Summer camp brought on the advent of Mayfield ice cream sandwiches. After rest hour, we’d all run to Store to grab our treat for the day, and in the hot heat of Alabama, we always went for something cold—an icey soft drink, frozen skittles, or in my case, most likely the ice cream sandwich. I remember licking it evenly around the edges, gently compressing the chocolate wafers until my fingers left their prints, and then with just a little bit of ice cream left, I would bite into the sandwich. Of course, I’d finish it off by licking the extra chocolate from my fingers.

To this day, ice cream is one of the few things that makes me truly happy–most likely because of these memories. And although I am still a die-hard fan of vanilla ice cream with chocolate, I’ve branched out. In France, nothing beats the combination of 2 boules de glace, two tiny scoops of the famous Berthillon ice cream in Paris; I always go for the combination of rich chocolate and slightly tart raspberry sorbet. Italy’s gelato, however, is obviously the best in the world, especially if you wander away from the tourist sites and into the neighborhoods. G is from Rome, and his family lives in an area well outside of the city, whose main piazza has a gelateria that makes the most wonderful Ferrero Rocher gelato.
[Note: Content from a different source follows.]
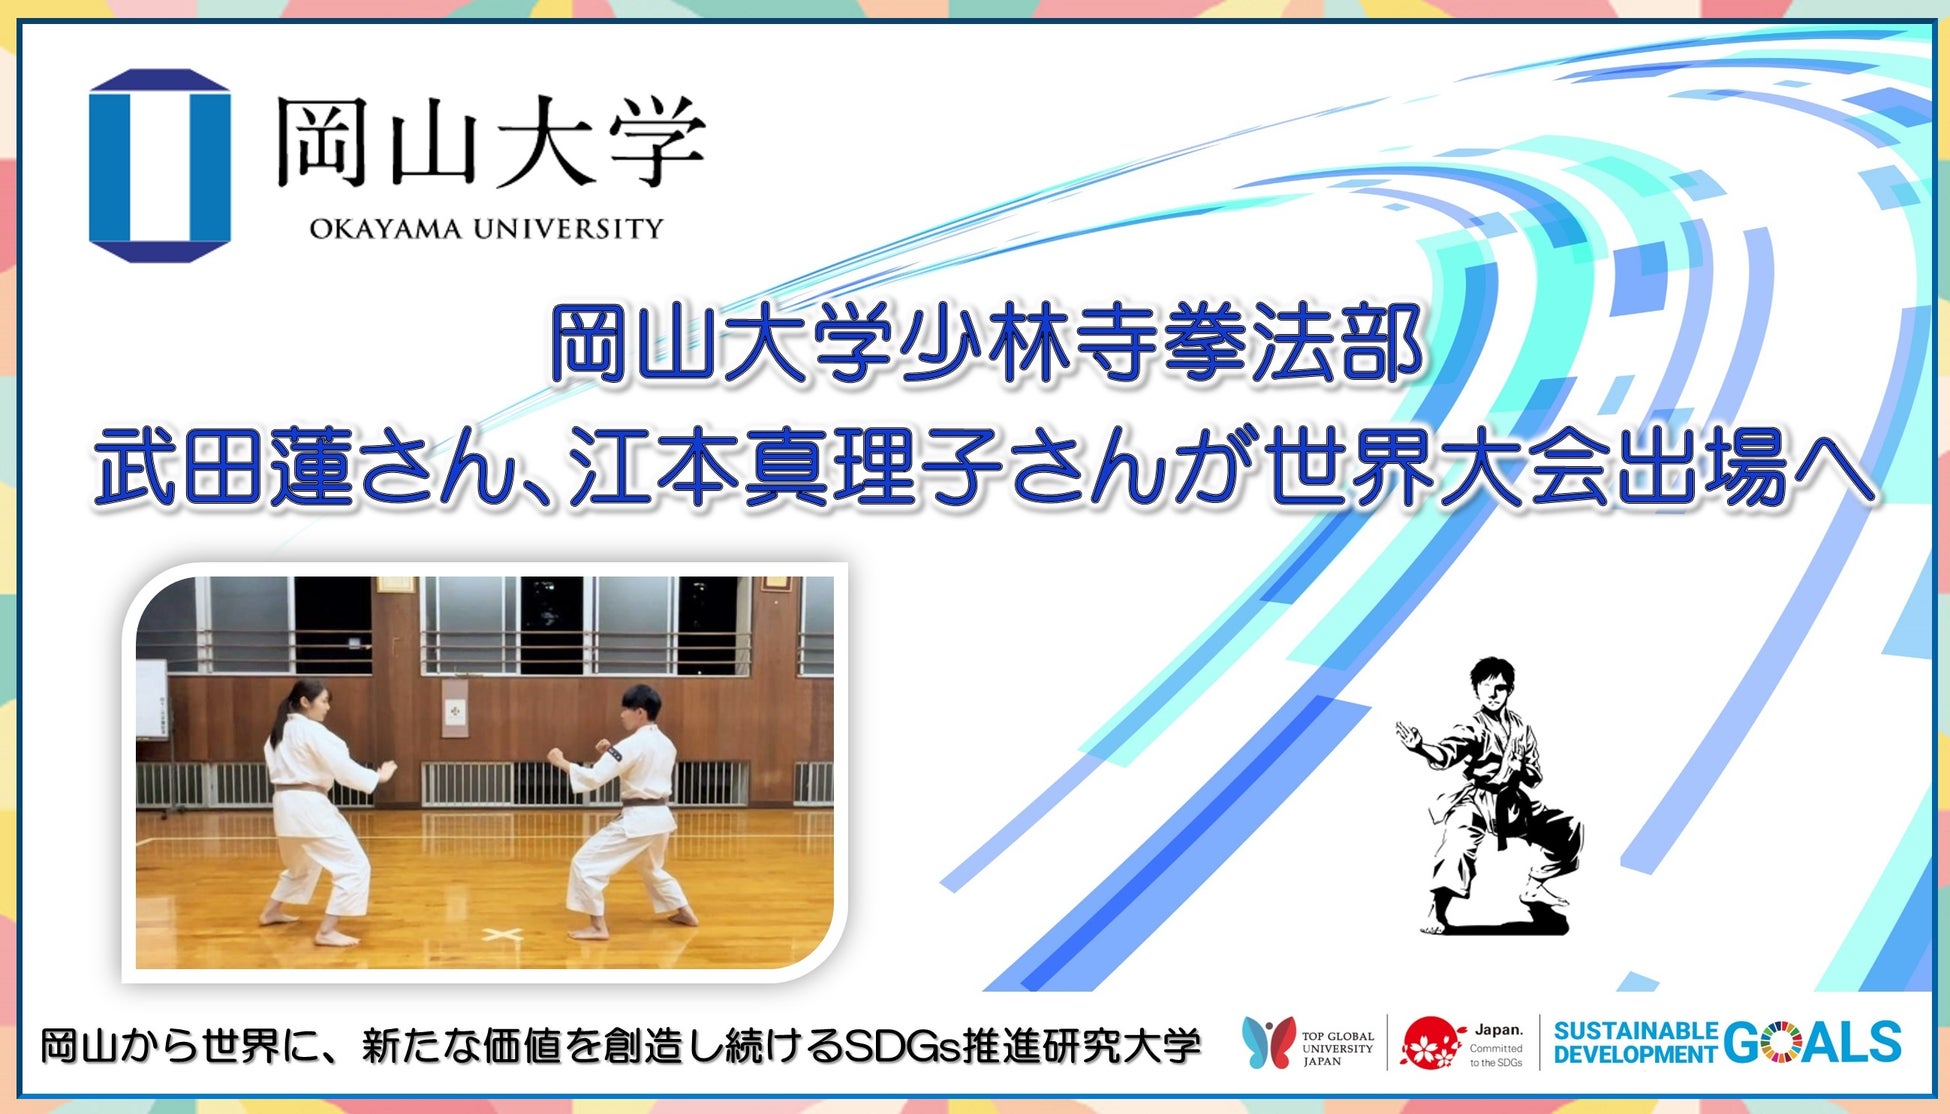 【岡山大学】少林寺拳法部の武田蓮さん、江本真理子さんが世界大会出場へ

However, if you aren’t heading to Europe any time soon, or if you need a quick fix to hold you until you get there, you should try Sundaes and Cones, a Japanese ice cream shop on 10th street between 3rd and 4th avenue. They mix up their creamy goodness in-house, and the selection is amazingly varied. You can pick anything from normal (I use that term loosely because it sure beats Baskin Robbins) mint chocolate chip or strawberry to moka chip, tiramisu, or coconut; and if you really want to get adventurous, there’s sesame, corn, red bean, and green tea. And these are just some of my favorites—there are about 30 flavors to choose from at a time.

Prices are more on par with the European treats than with Blue Bunny, but every bite reminds you that it was worth every penny… especially when it’s really hot outside. You can sit inside or out, and if you need a caffeine boost, they serve Oren’s Coffee (for those of you familiar with the coffee shop on Broadway near Columbia).
1 scoop: $3.18
2 scoops: $4.38
3 scoops: $5.54
**prices are for wafer or sugar cones, without tax, although I prefer the waffle cone. It’s also made in house, and its flavor is melt-in-you-mouth delicate.

To Live by Bread & Cheese Alone

I used to spend my summers in the south of France—my mother’s childhood friend had moved there to study painting, fell in love with a man, and never left. So, we obviously went to visit. From a very young age, then, I was introduced to the simple lifestyle and eating traditions of Provence. Simple salads. Fresh food that came straight from the market. Baguettes bought that morning. And Roquefort… I have been a bread and cheese lover ever since. In fact, I think there is no better meal if you are looking for something quick and delicious, especially on the go.

Today, G and I prepared a picnic that he brought to Bryant Park at lunch time. It was a perfect day—not hot, not chilly, no rain, a little breeze. We sat under the birch trees and set the table. This morning I had packed up my little cooler with a small cutting board and a paring knife wrapped on a dishcloth that ended up serving as our tablecloth. G added the fresh-bought baguette from the store around the corner, salami, apples, and the cheese—gorgonzola dolce and parmigiano. He sliced the bread and the salami and began to make little open-faced sandwiches, while I ate each separately, savoring their individual flavors. It was a perfect summertime meal: crisp, fresh, simple. When it was time to go, we shook the breadcrumbs from the cloth, rewrapped the knife, and packed the cooler, leaving it much lighter than it had been when he arrived.